Records shown –
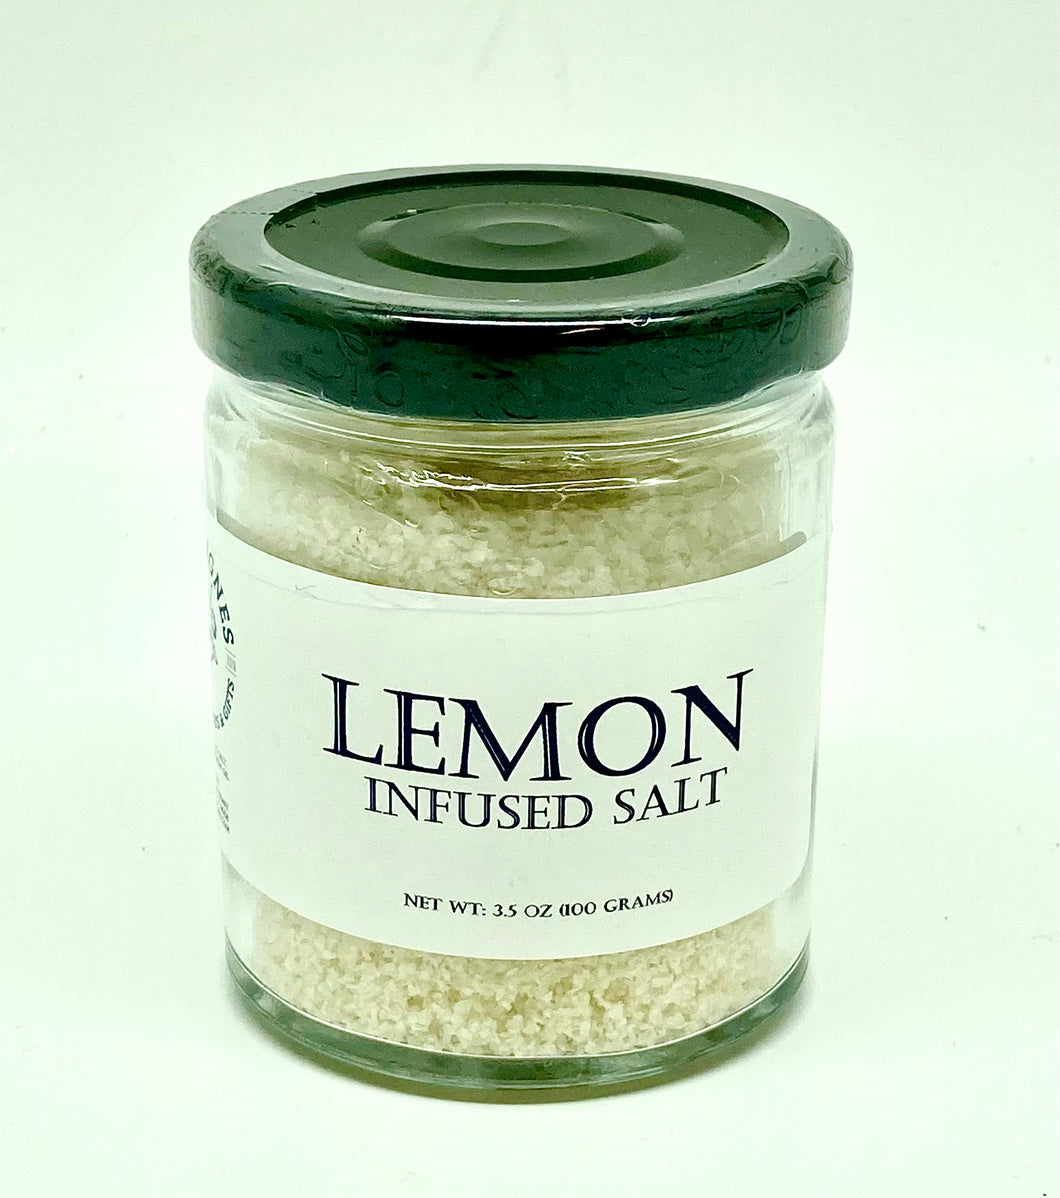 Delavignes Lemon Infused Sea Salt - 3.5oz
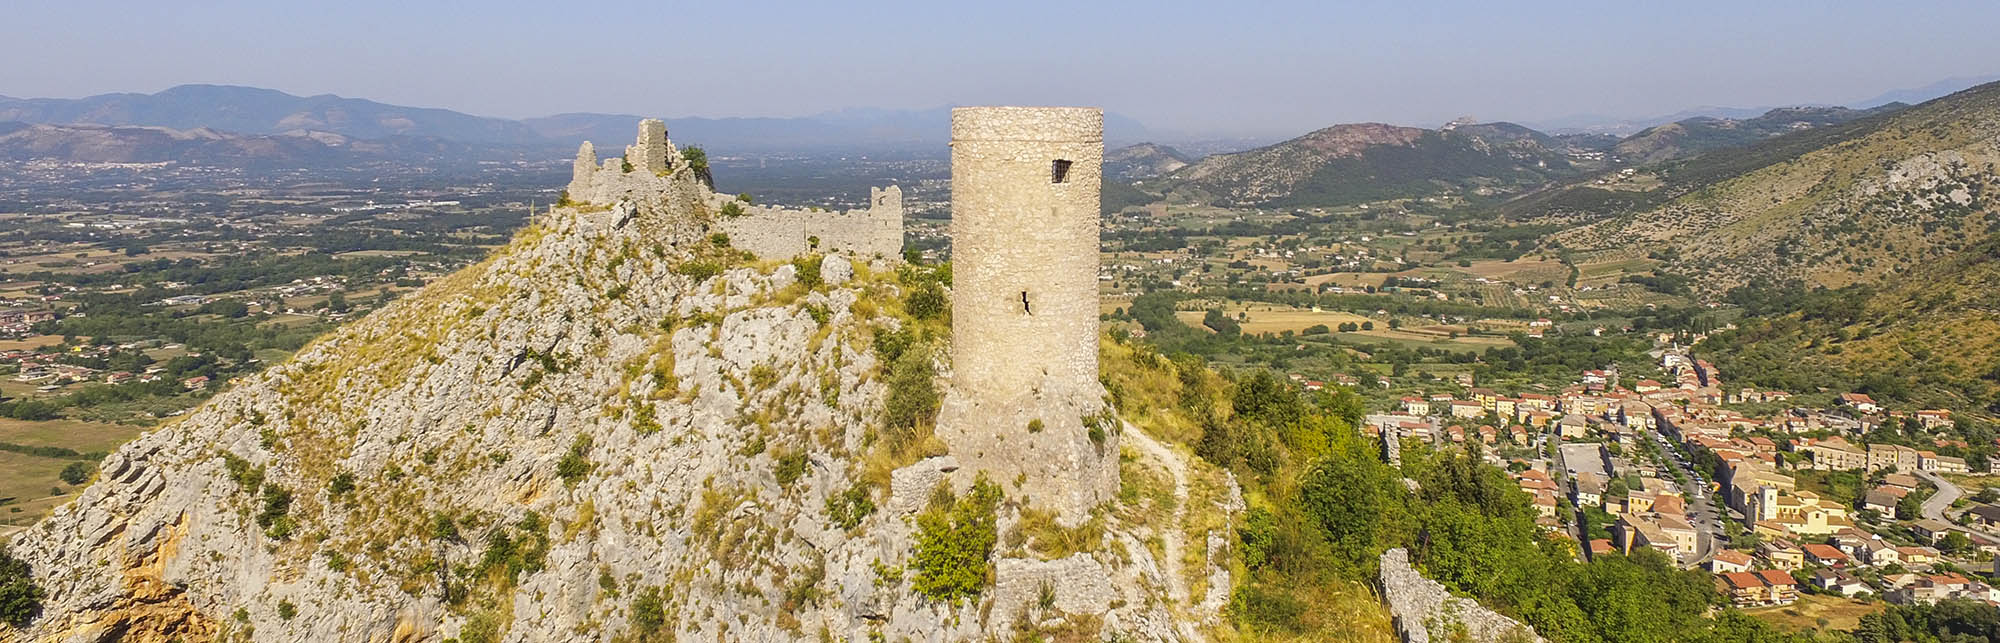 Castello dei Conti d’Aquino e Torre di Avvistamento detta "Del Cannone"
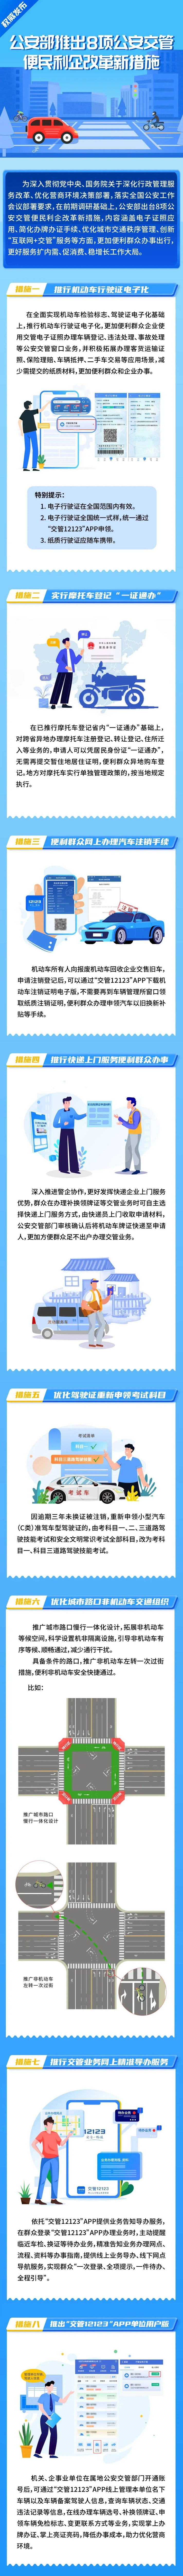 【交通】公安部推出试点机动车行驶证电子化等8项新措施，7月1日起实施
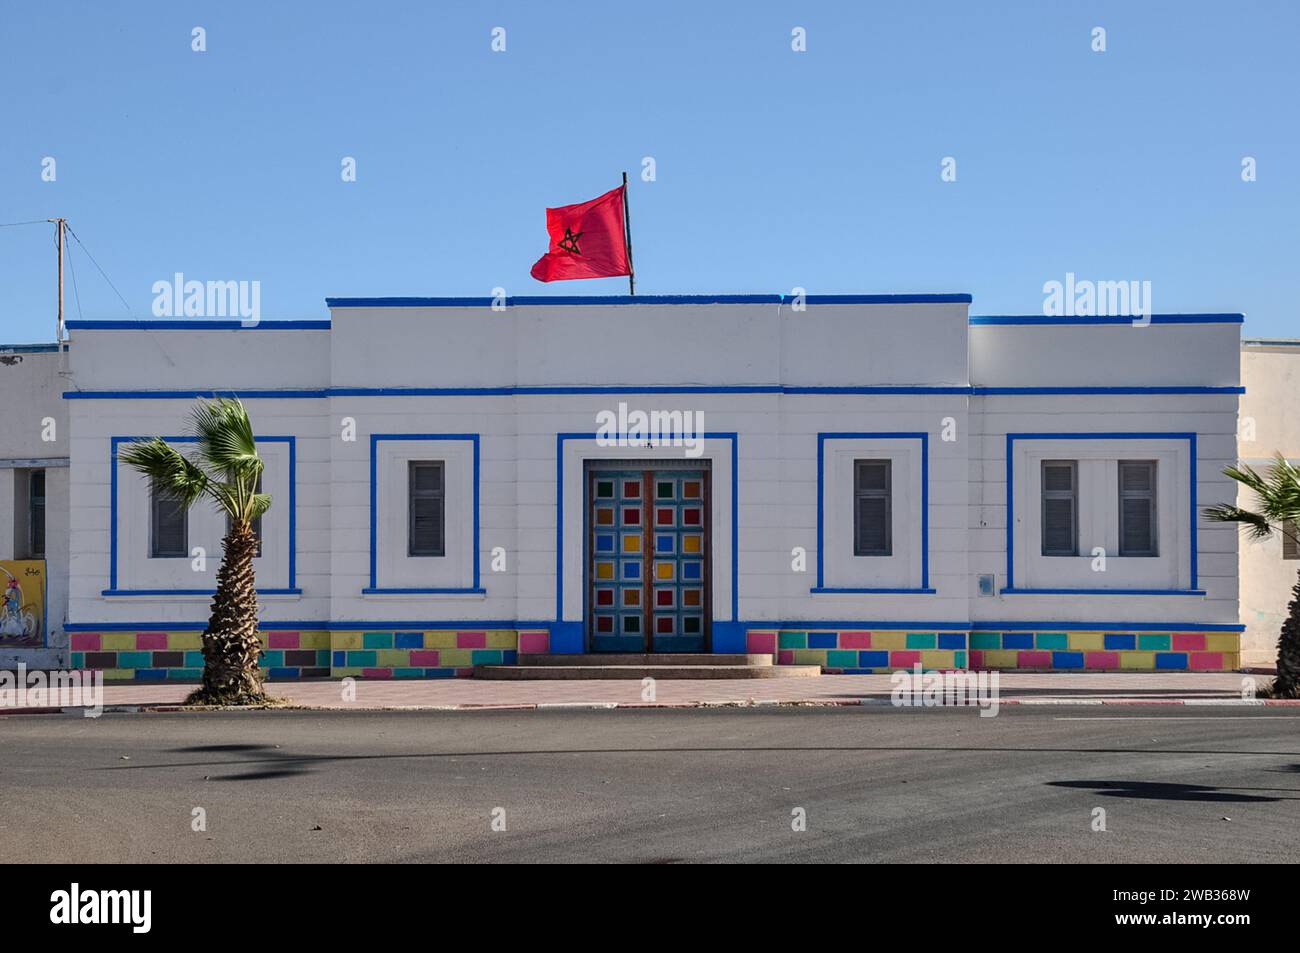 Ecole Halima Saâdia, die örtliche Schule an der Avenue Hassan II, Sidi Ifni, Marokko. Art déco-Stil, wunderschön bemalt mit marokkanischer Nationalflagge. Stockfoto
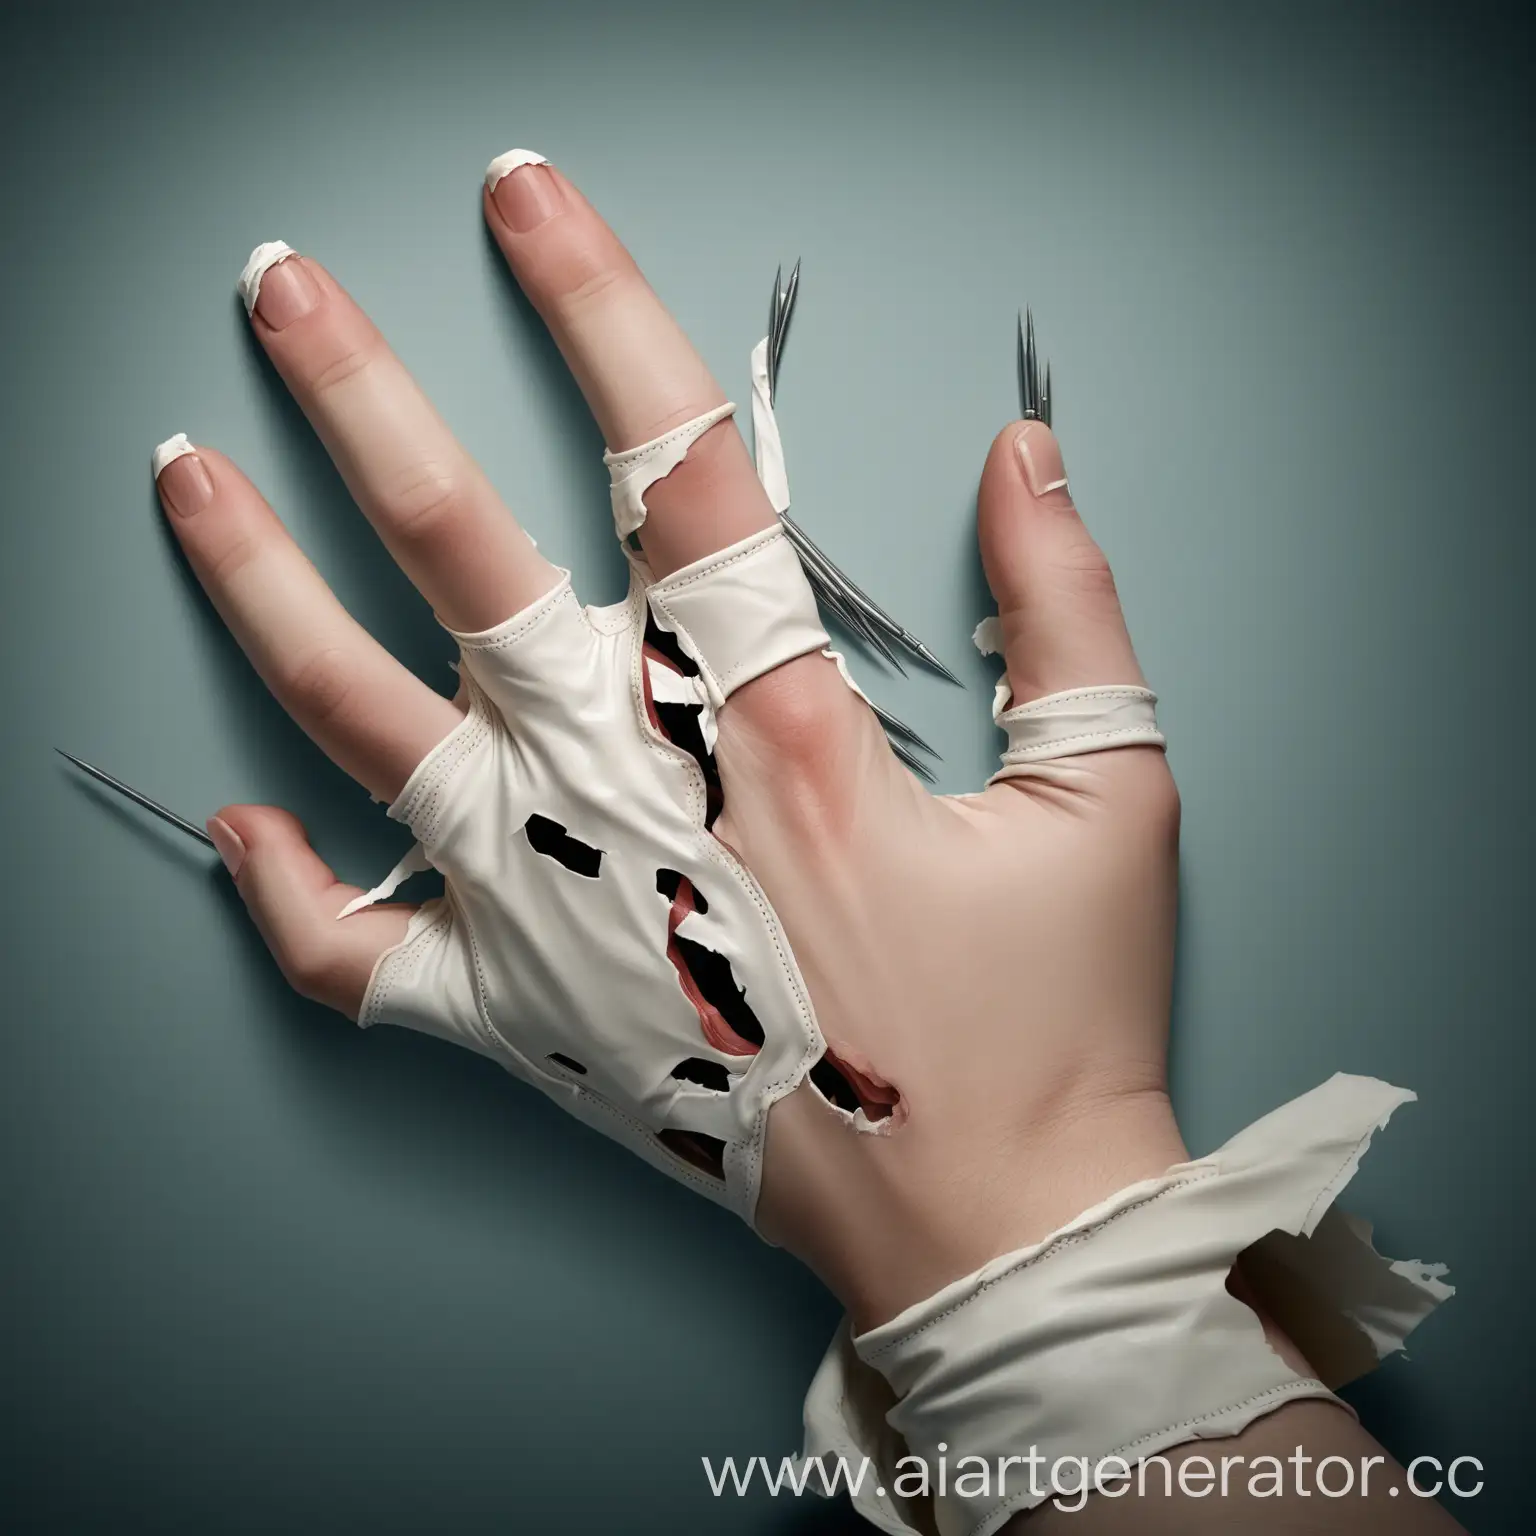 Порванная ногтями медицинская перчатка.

Required action –
Return the lines of the data above in full and exactly, with no pictures.

Answer box –
 Delavignes Lemon Infused Sea Salt - 3.5oz
 Castello dei Conti d’Aquino e Torre di Avvistamento detta "Del Cannone"
 【交通】公安部推出试点机动车行驶证电子化等8项新措施，7月1日起实施
 Ecole Halima Saâdia, die örtliche Schule an der Avenue Hassan II, Sidi Ifni, Marokko. Art déco-Stil, wunderschön bemalt mit marokkanischer Nationalflagge. Stockfoto
 Порванная ногтями медицинская перчатка.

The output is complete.